Despite the fact he now had the weapon, he was still too drunk on his victory to do little more than continue to attack with that same cable. However, though the first attack might have caught his opponent off guard, the second was easily evaded, and as Skipper went for a third attack Kowalski grabbed a spanner left behind by one of the workmen and held it up so the second strike knotted the whip around it, tugging it so that it was snatched from Skipper's hand.
But Skipper hadn't been beaten yet. He used the force of the counter, throwing it all into the punch that came forward with the cables rebound. However, at the last minute his opponent stepped out of the way, and Skipper found himself thrown over the low railing and off the catwalk.
"Good recovery, Private," Kowalski complemented genuinely, "But you left yourself open," As the gun was snatched from Skipper's hand his only grip on the railing was lost and he instinctively grabbed one of the many ropes hanging from the scaffolding to prevent a painful fall. He felt the knot securing it to the belaying pin release, and he was lowered down to the ground.
"Alright, Rico, Skipper's clear!" Skipper heard his lieutenant shout, and a few seconds later, by either luck or skill, Kowalski was narrowly avoiding being shot.
"What was it you were saying about leaving yourself open?" Skipper taunted. He released the rope, though a satisfied look on Kowalski's part immediately told him he probably shouldn't have done. The rope swiftly disappeared up into the darkness, at the same time one of the sets on the other end of the rope hit the stage. There was a cry of pain he recognised as his private's as it landed on the boy's hand.

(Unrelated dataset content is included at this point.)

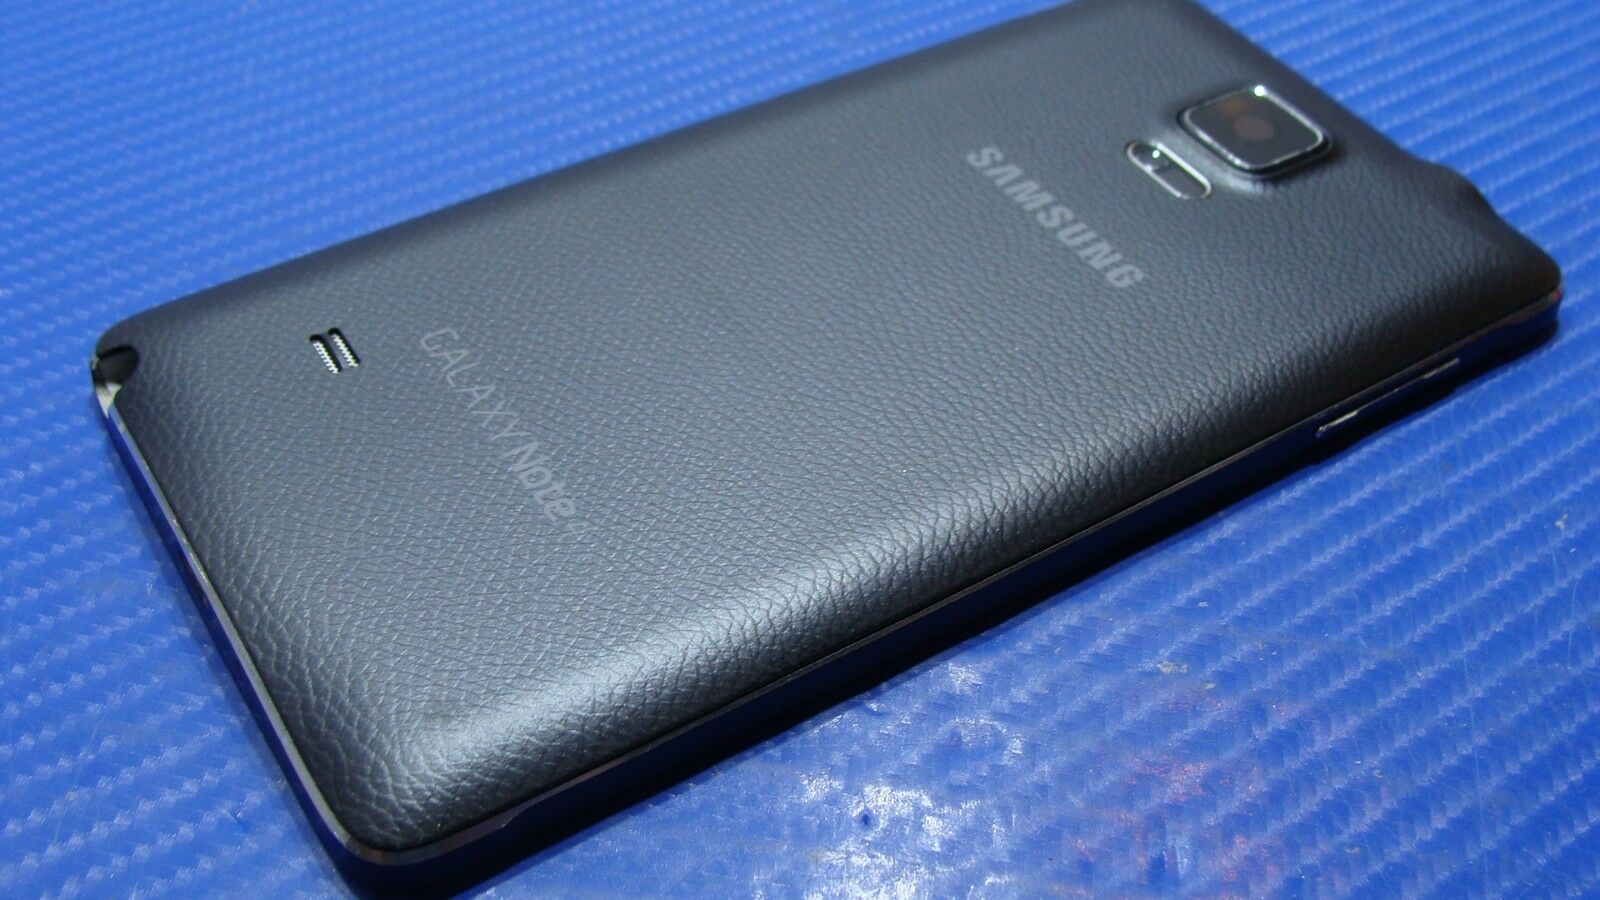 Samsung Galaxy Note 4 5.7

"Indeed, Private, you've blocked your own cavalry," Kowalski commented as he grabbed a rope parallel to Skipper. The moment his feet touched the ground, Skipper was on the attack, however as his crippling strike was blocked, he was suddenly afraid. Though nothing was said, something had changed as was proven when instead of waiting for another attack, Kowalski instead twisted his injured arm painfully behind his back, and Skipper felt several stitches reopen. Skipper tried to react but a kick to the back of the leg brought him to his knees.
Barely a second later, Skipper was on the ground, listening as the clip taken from his pocket was loaded into the gun.

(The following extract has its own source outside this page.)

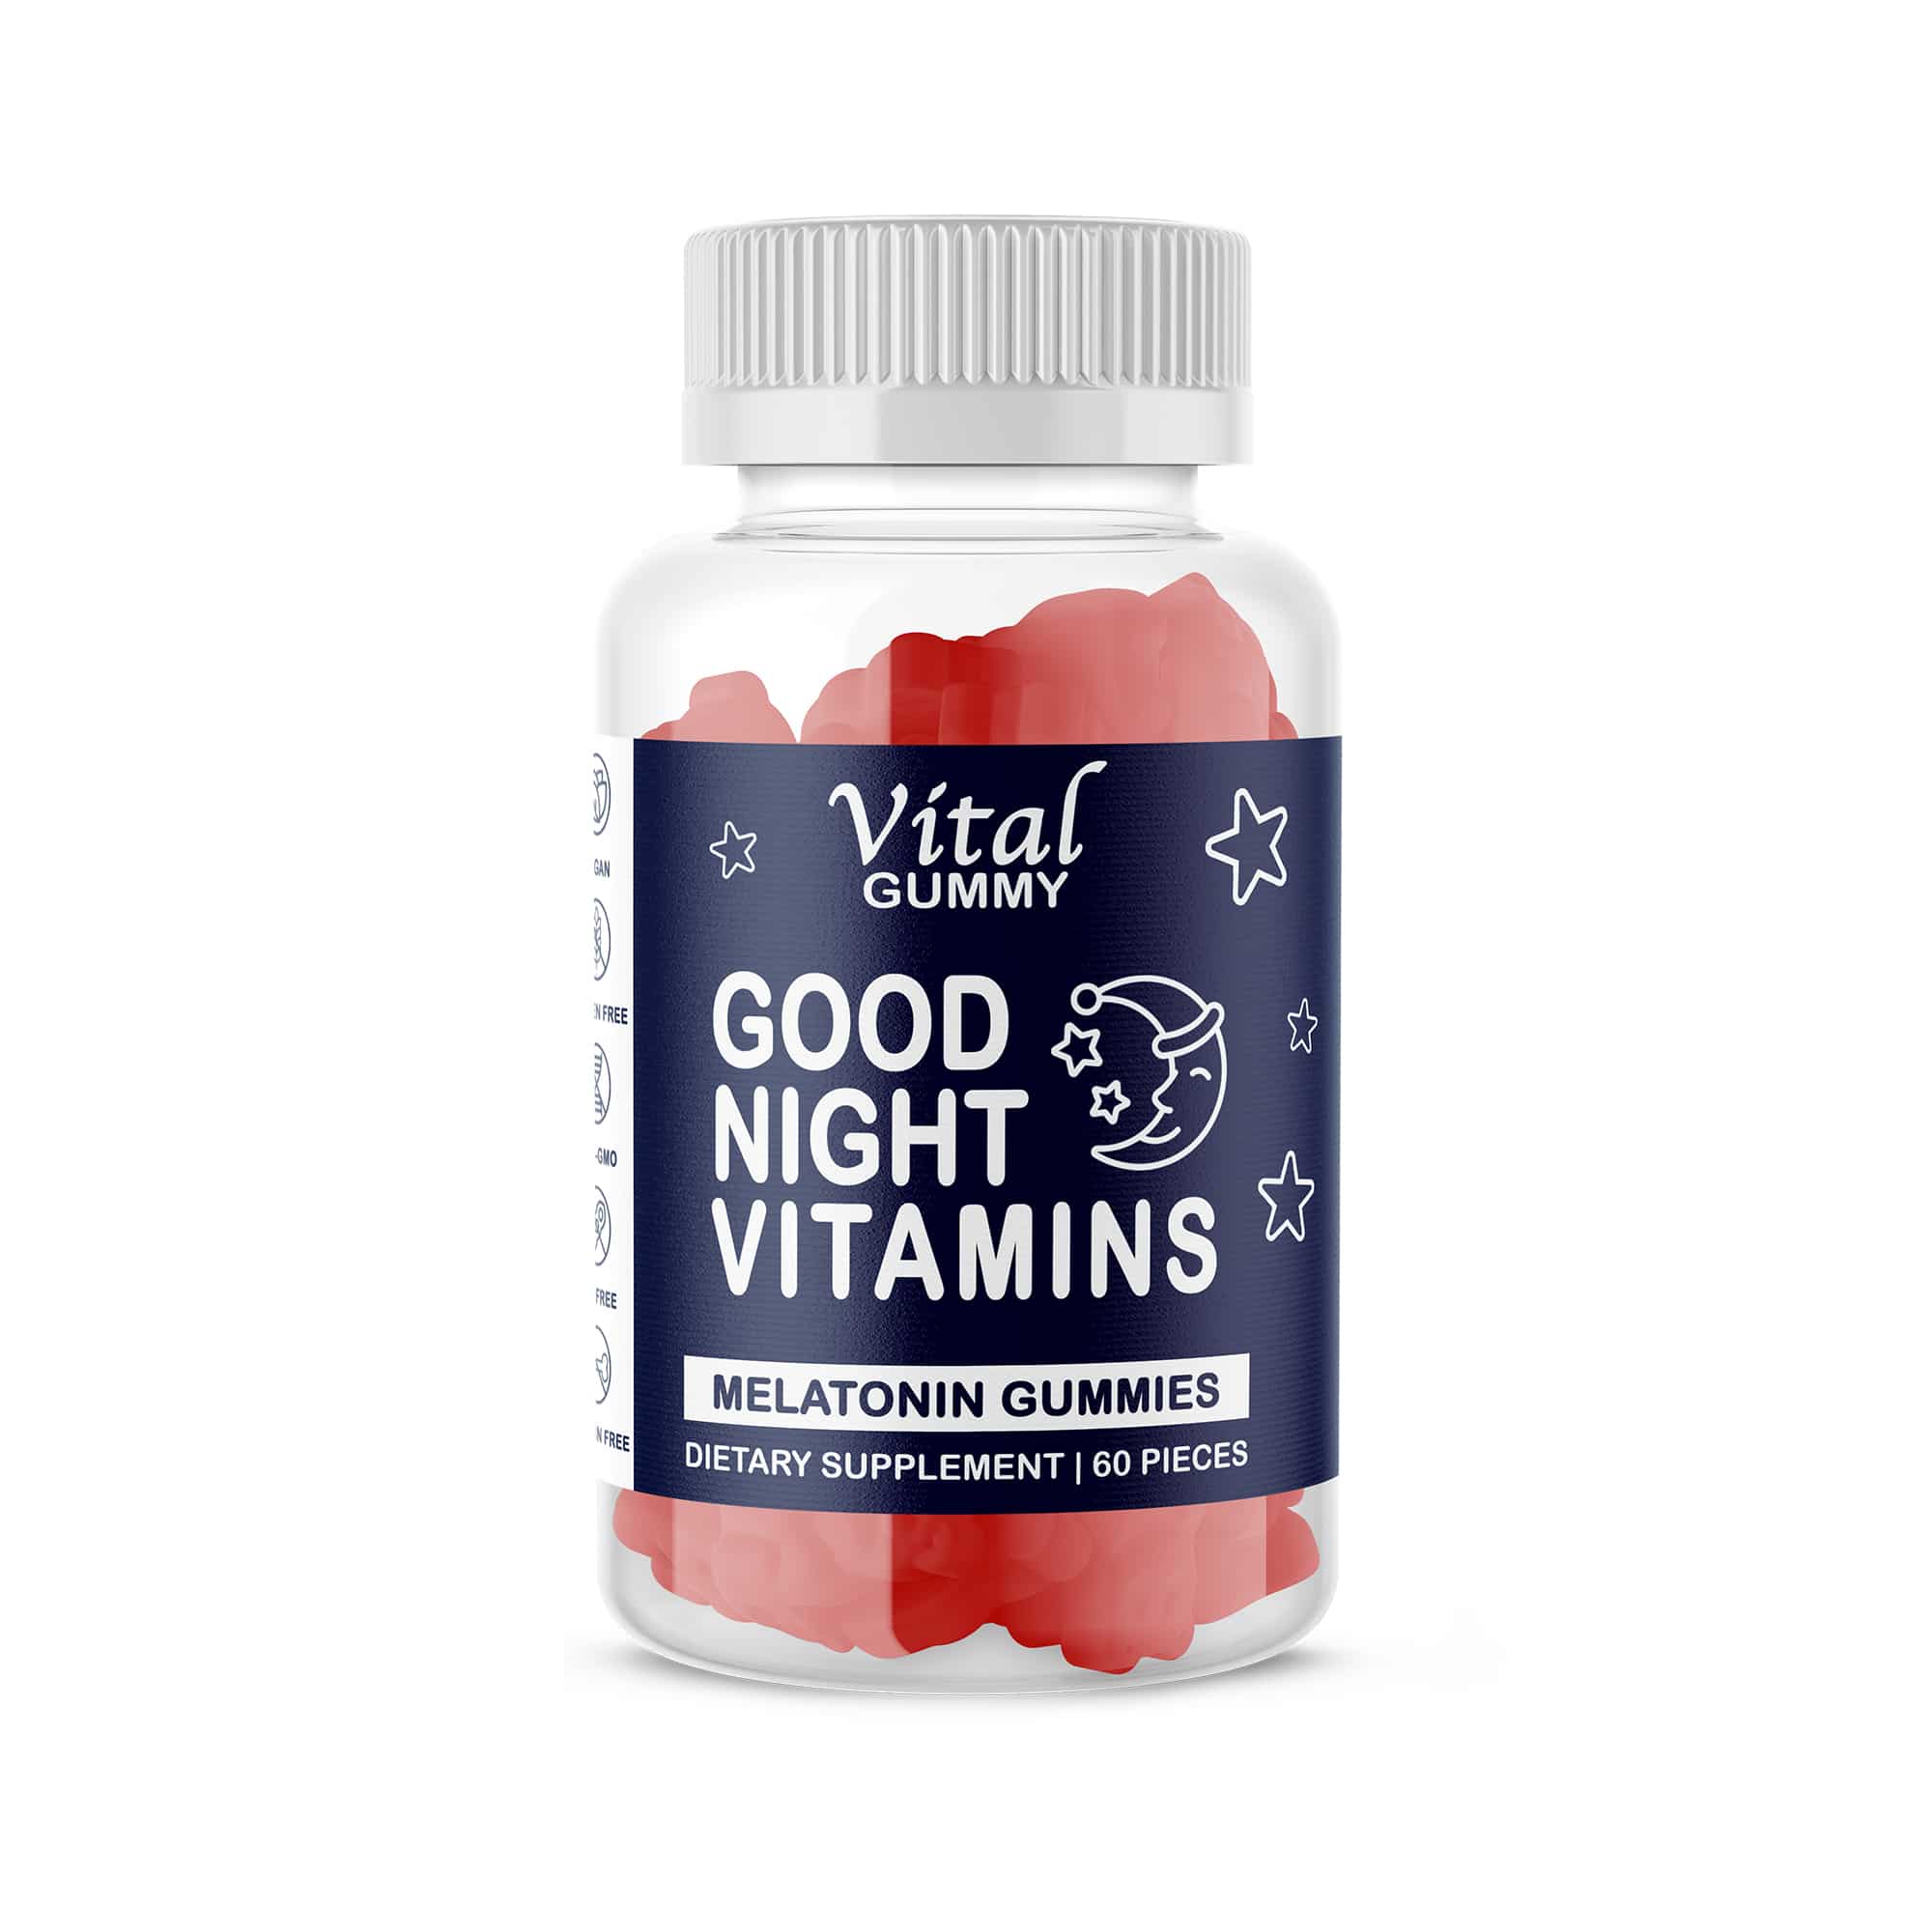 good night vitamins - vital gummy

"Skippah?!" Private shouted as the team charged onto the stage having freed Private's hand.
"He's good," Rico muttered under his breath as he stared at the empty stage before him. Kowalski, the team's Kowalski of course, was already on the other side of the stage.
"There was only one way they could have gone out," He barked, "We'll cut them off." However the slight red smear left on the stage shook his confidence.